DATASET EXCERPT
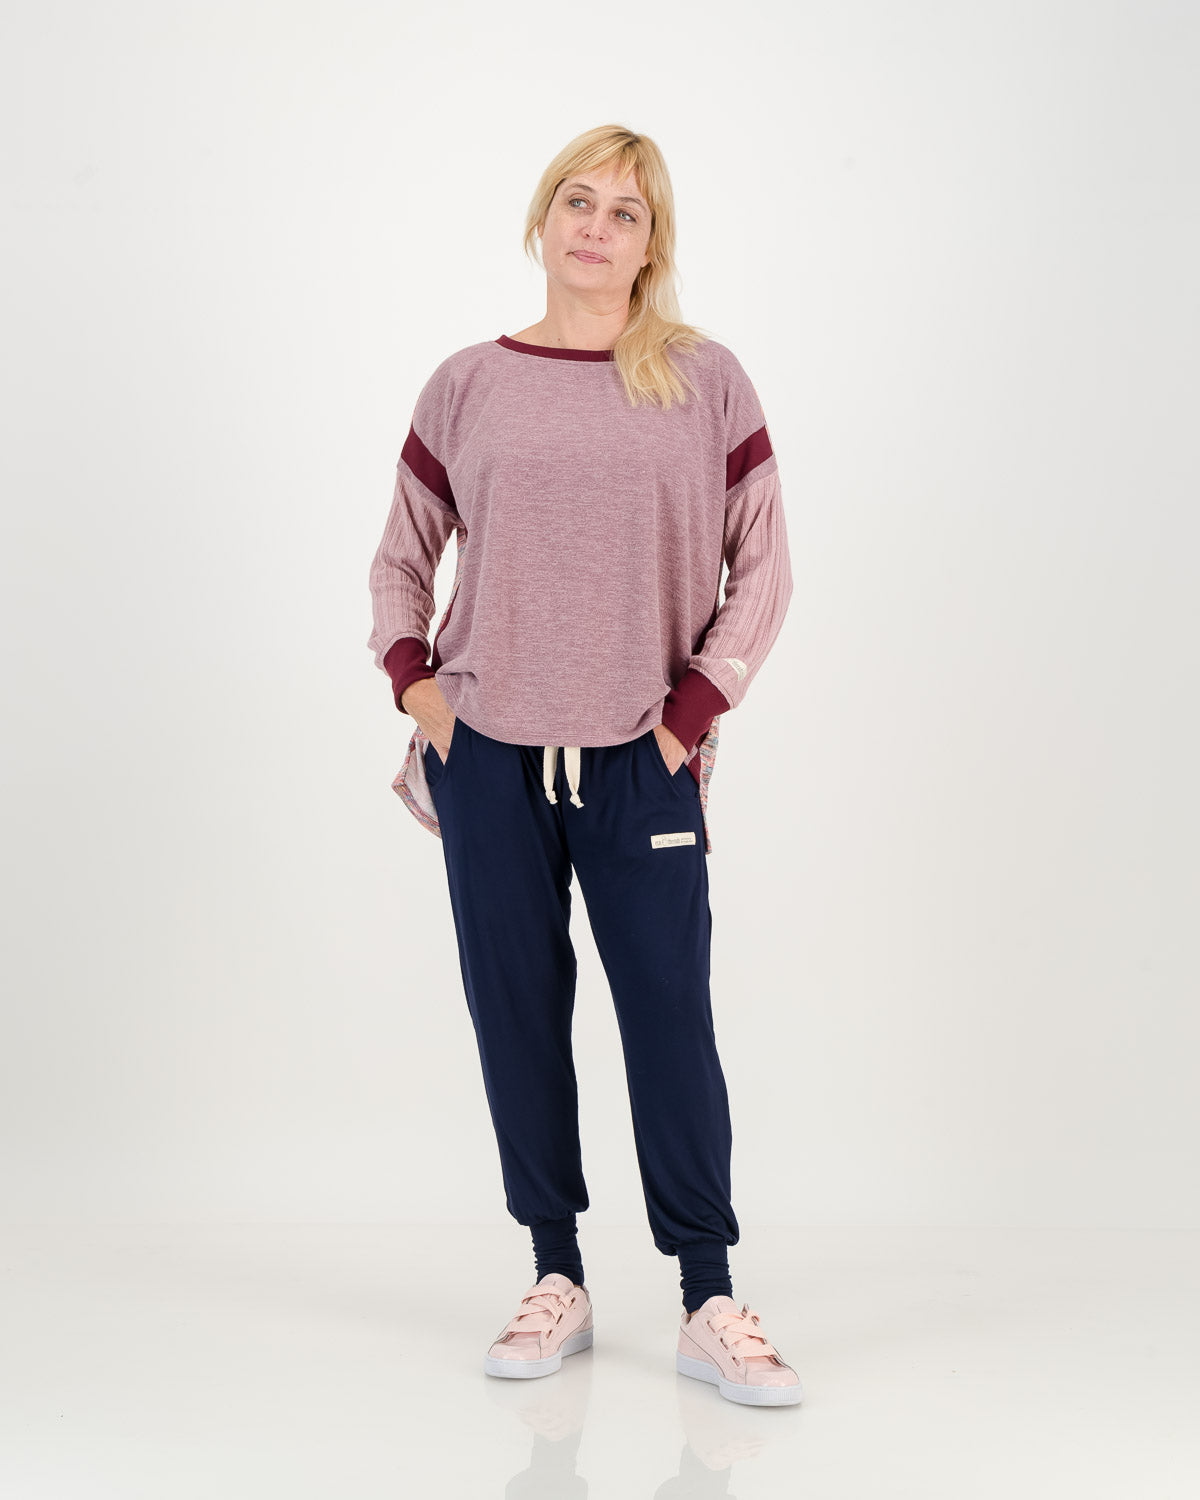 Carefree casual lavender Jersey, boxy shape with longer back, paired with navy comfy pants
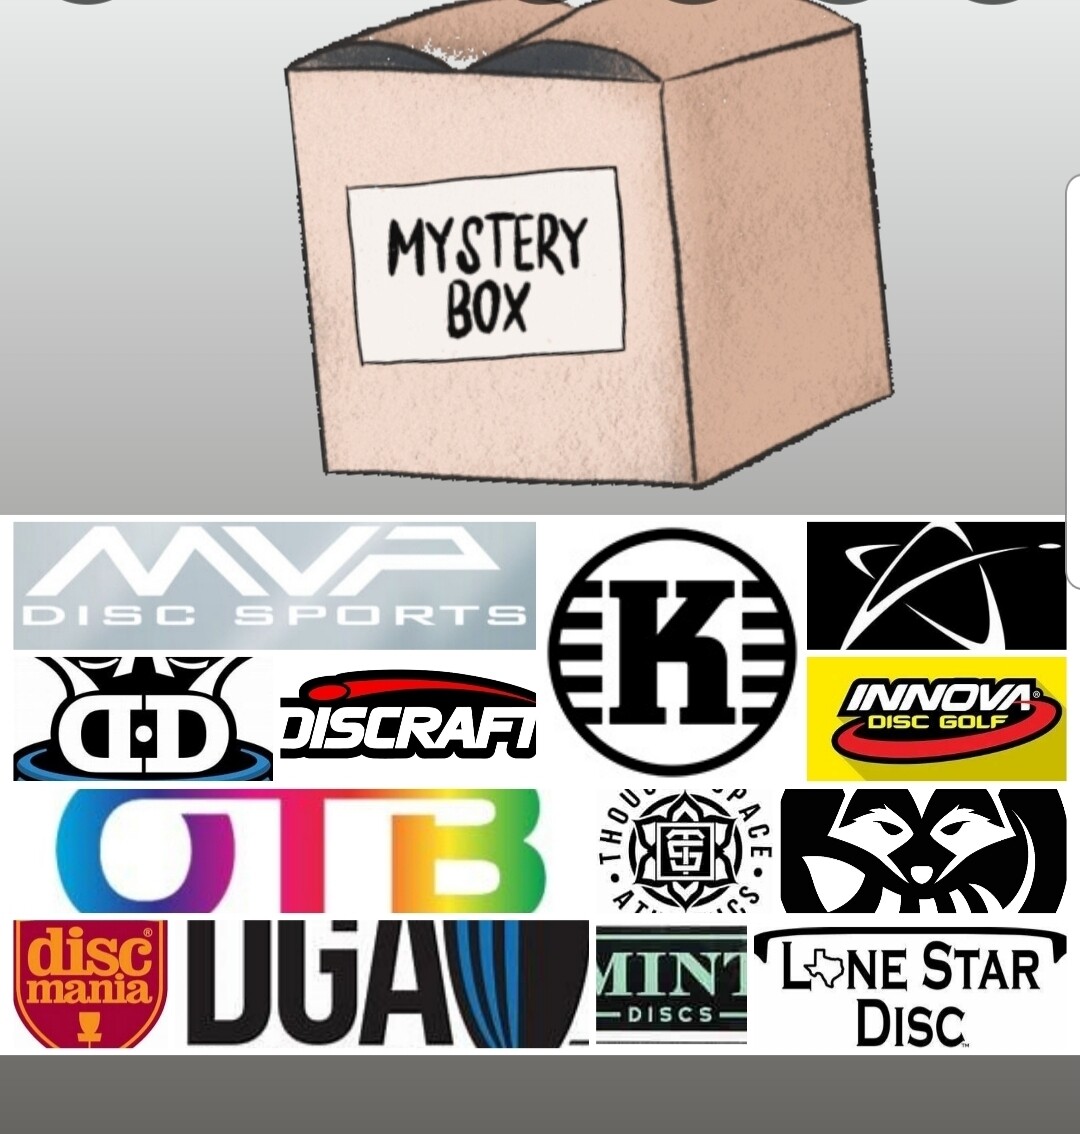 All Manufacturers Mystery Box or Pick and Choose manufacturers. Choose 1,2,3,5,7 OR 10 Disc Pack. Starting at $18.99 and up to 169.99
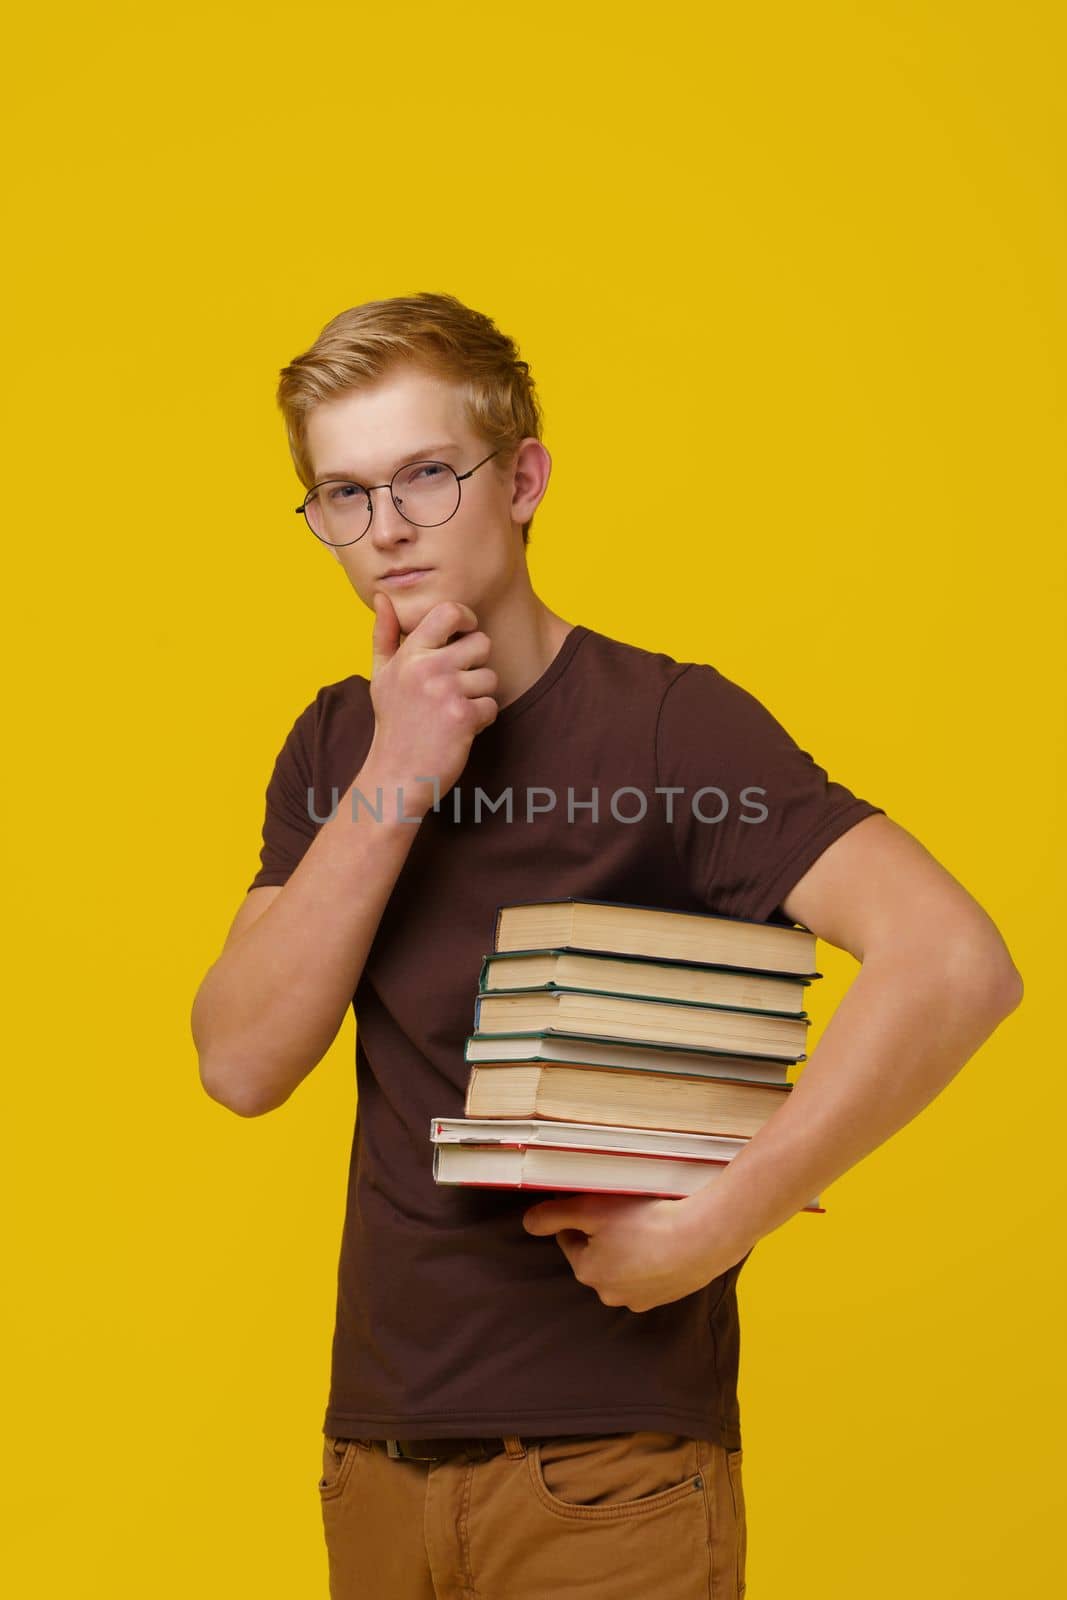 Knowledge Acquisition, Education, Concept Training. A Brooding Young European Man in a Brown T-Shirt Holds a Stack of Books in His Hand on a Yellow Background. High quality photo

YOUR TASK
Take the line containing "All Manufacturers Mystery" and every line after it through the end of the data, and write them out exactly, with no pictures.

ANSWER BOX
 All Manufacturers Mystery Box or Pick and Choose manufacturers. Choose 1,2,3,5,7 OR 10 Disc Pack. Starting at $18.99 and up to 169.99
 Knowledge Acquisition, Education, Concept Training. A Brooding Young European Man in a Brown T-Shirt Holds a Stack of Books in His Hand on a Yellow Background. High quality photo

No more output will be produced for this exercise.